**WORK ORDER**: For this exercise, repeat the whole listing below exactly. Leave the pictures out.

BEGIN DATA SEGMENT

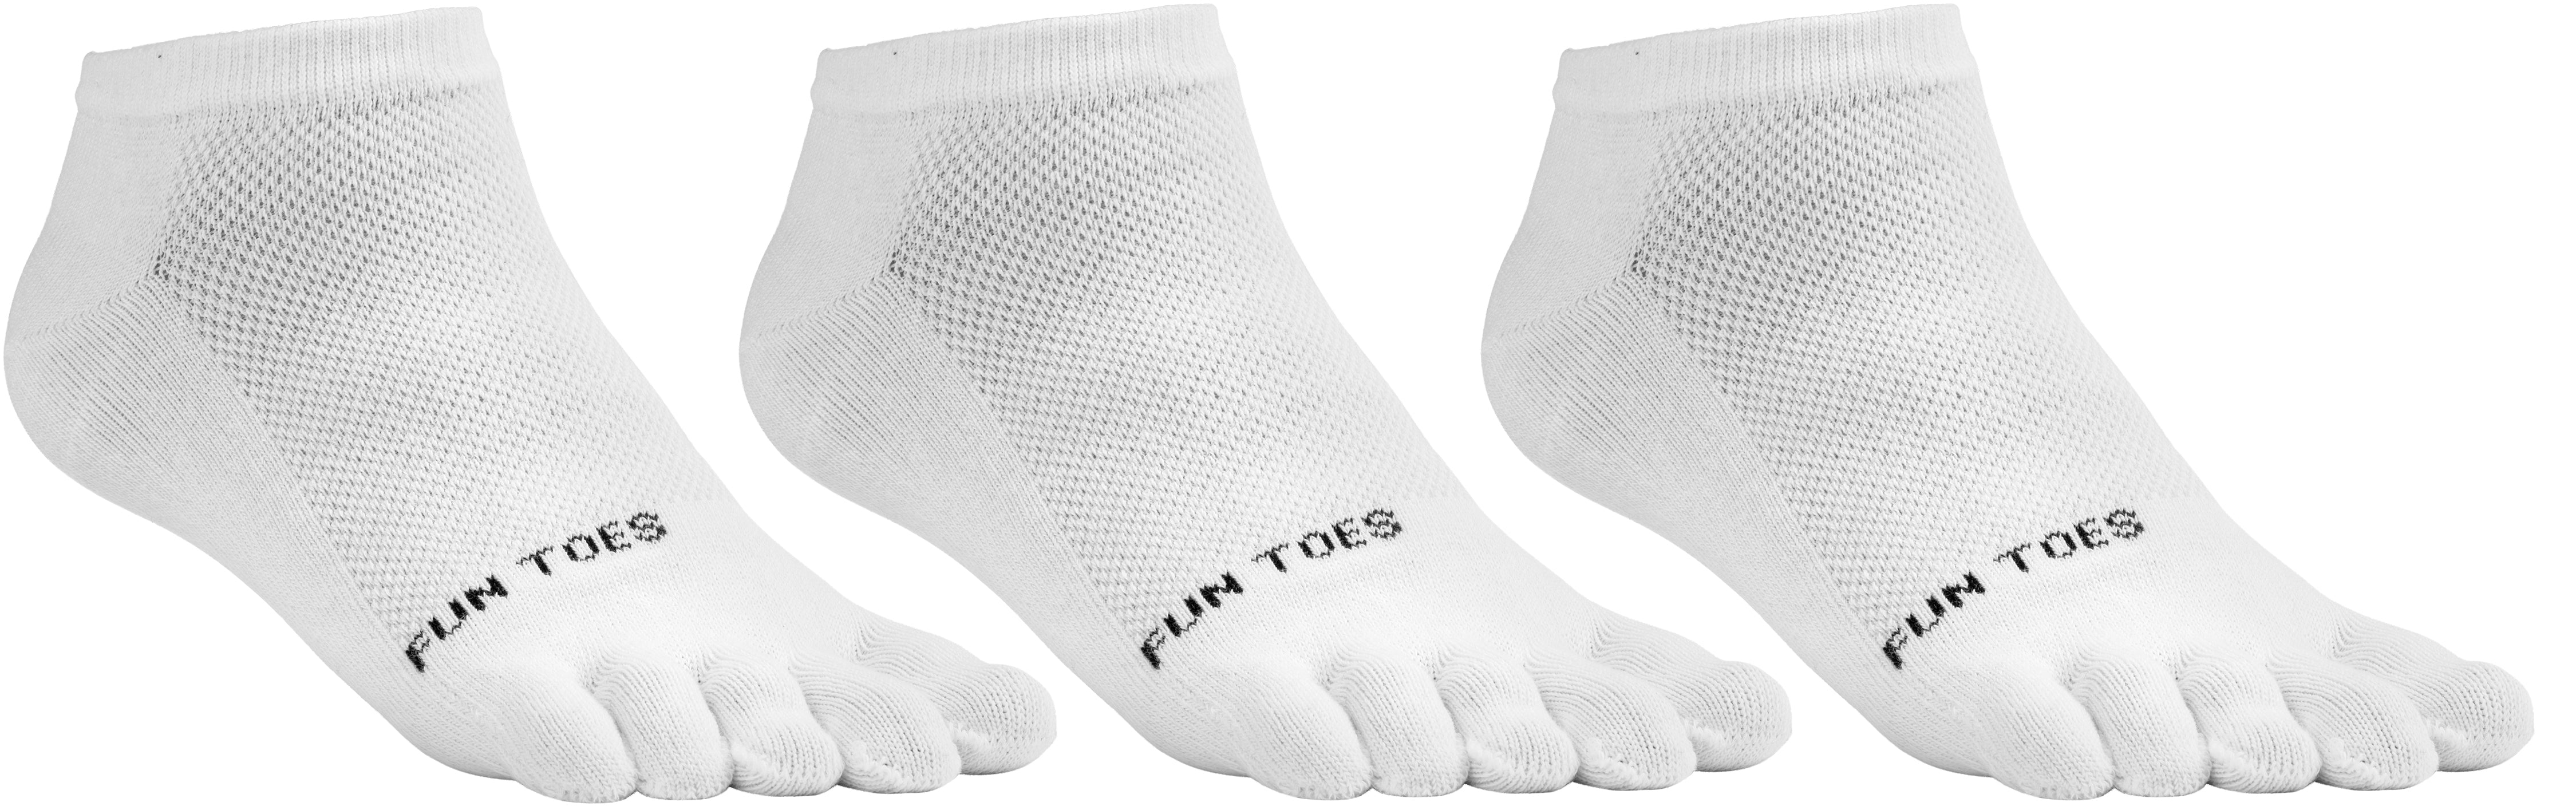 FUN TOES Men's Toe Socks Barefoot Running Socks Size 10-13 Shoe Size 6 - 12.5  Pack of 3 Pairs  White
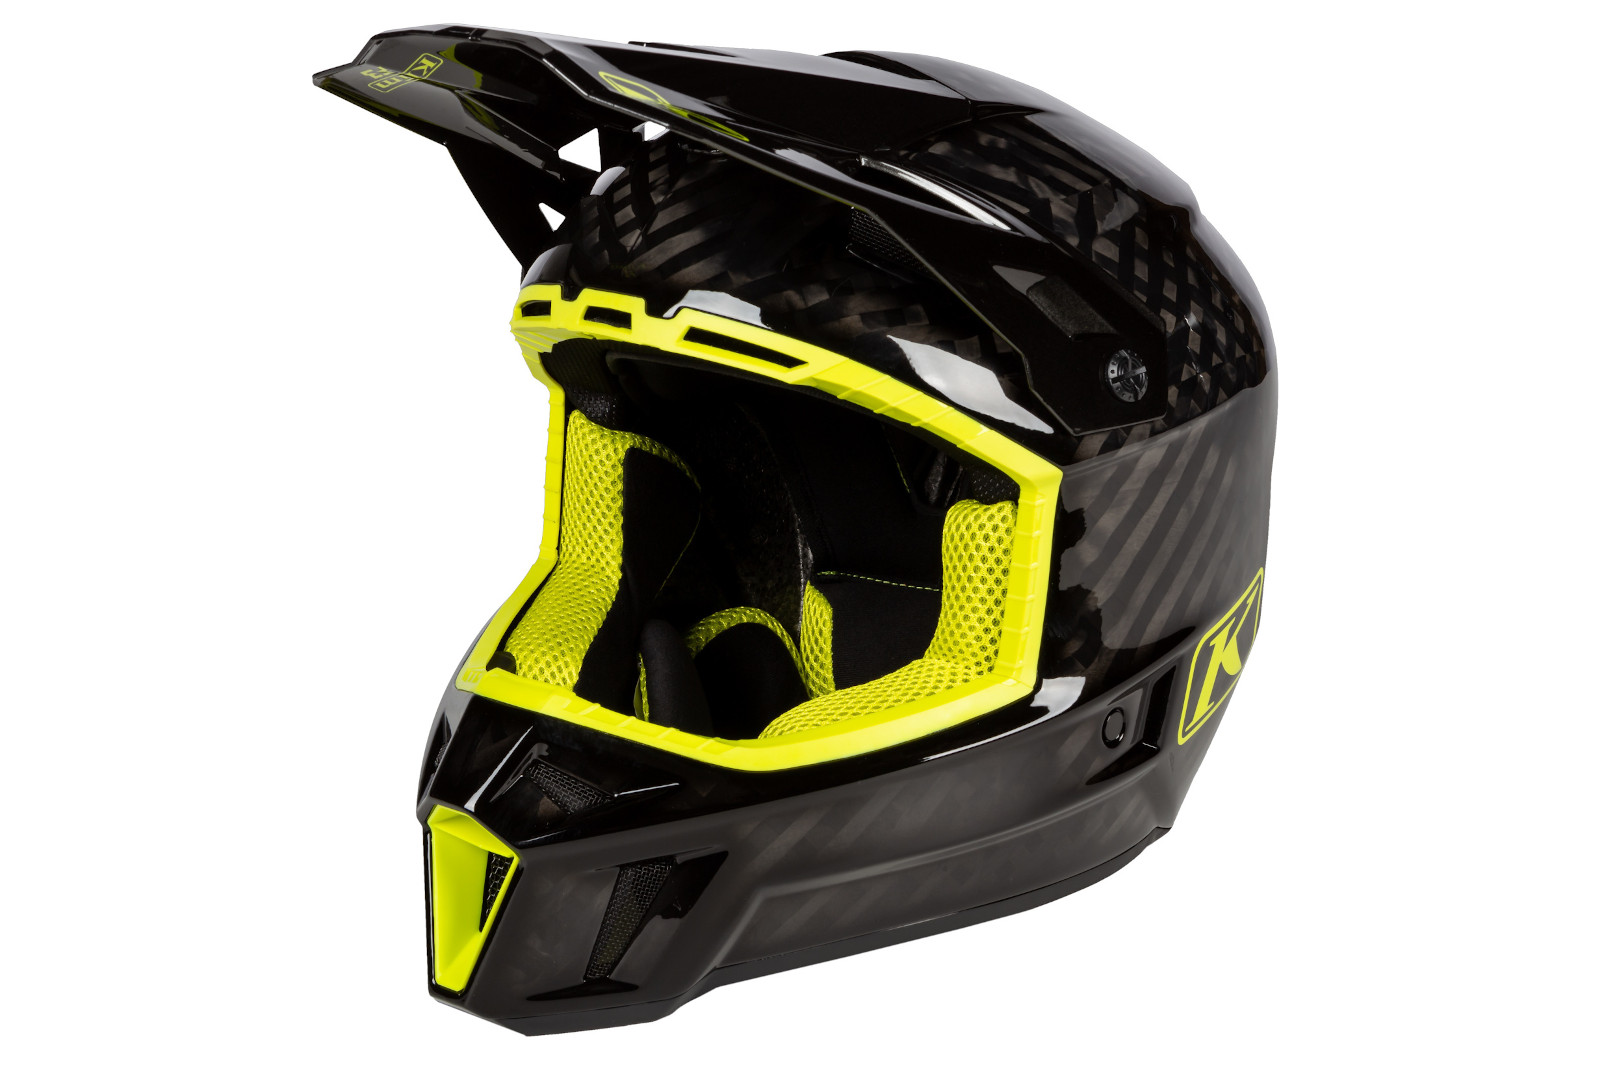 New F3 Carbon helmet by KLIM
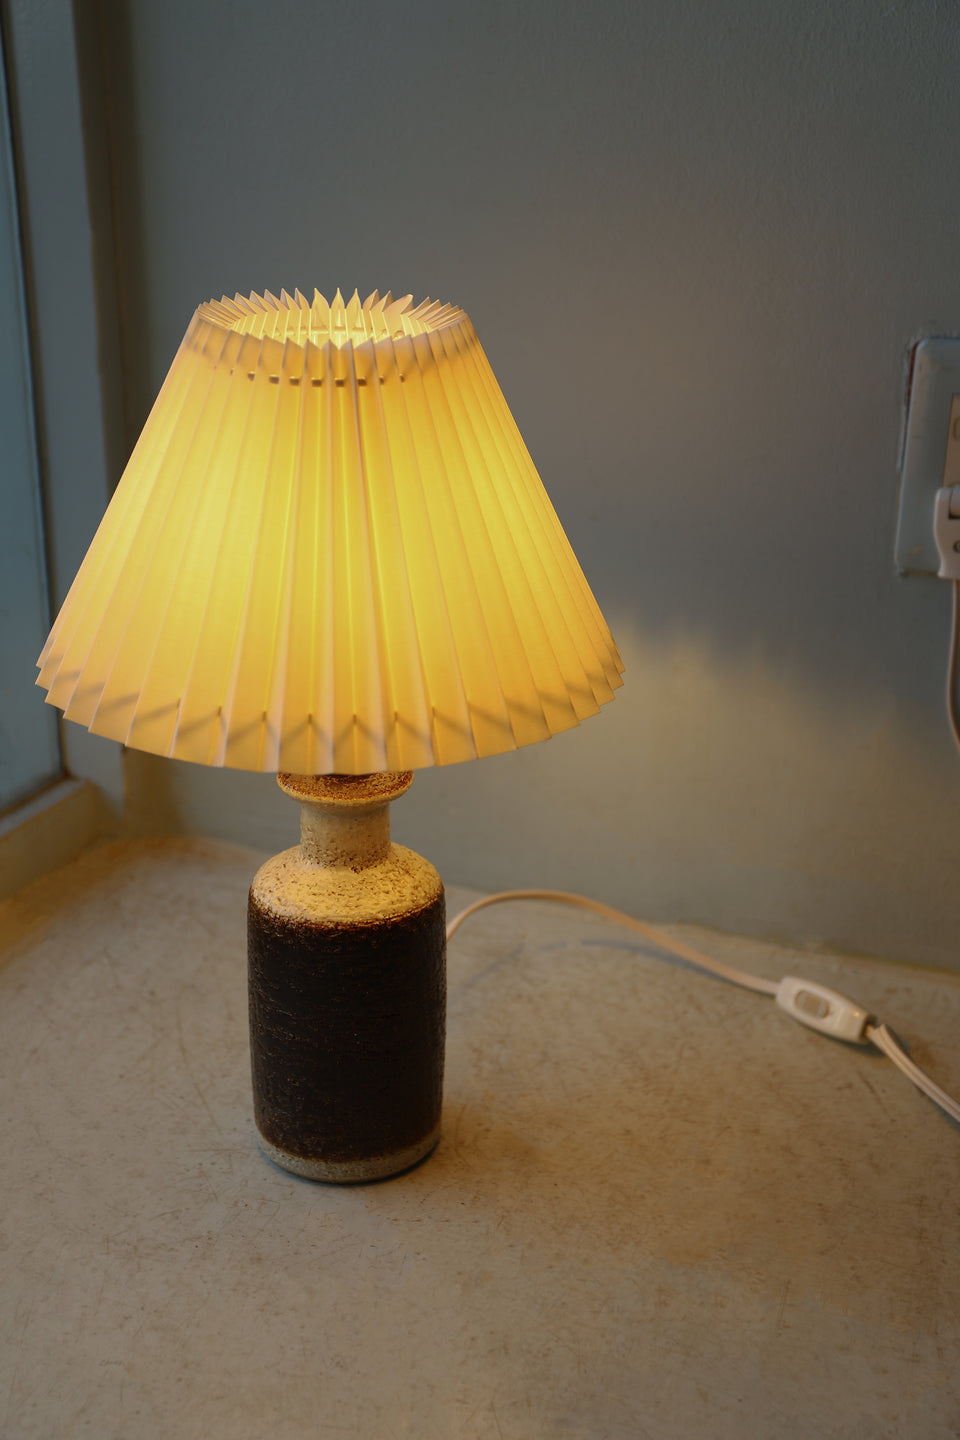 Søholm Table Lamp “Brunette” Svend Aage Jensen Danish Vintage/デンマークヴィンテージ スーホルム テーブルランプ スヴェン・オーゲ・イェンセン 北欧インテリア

END DATA SEGMENT

**FINISHED TASK**:
 FUN TOES Men's Toe Socks Barefoot Running Socks Size 10-13 Shoe Size 6 - 12.5  Pack of 3 Pairs  White
 New F3 Carbon helmet by KLIM
 Søholm Table Lamp “Brunette” Svend Aage Jensen Danish Vintage/デンマークヴィンテージ スーホルム テーブルランプ スヴェン・オーゲ・イェンセン 北欧インテリア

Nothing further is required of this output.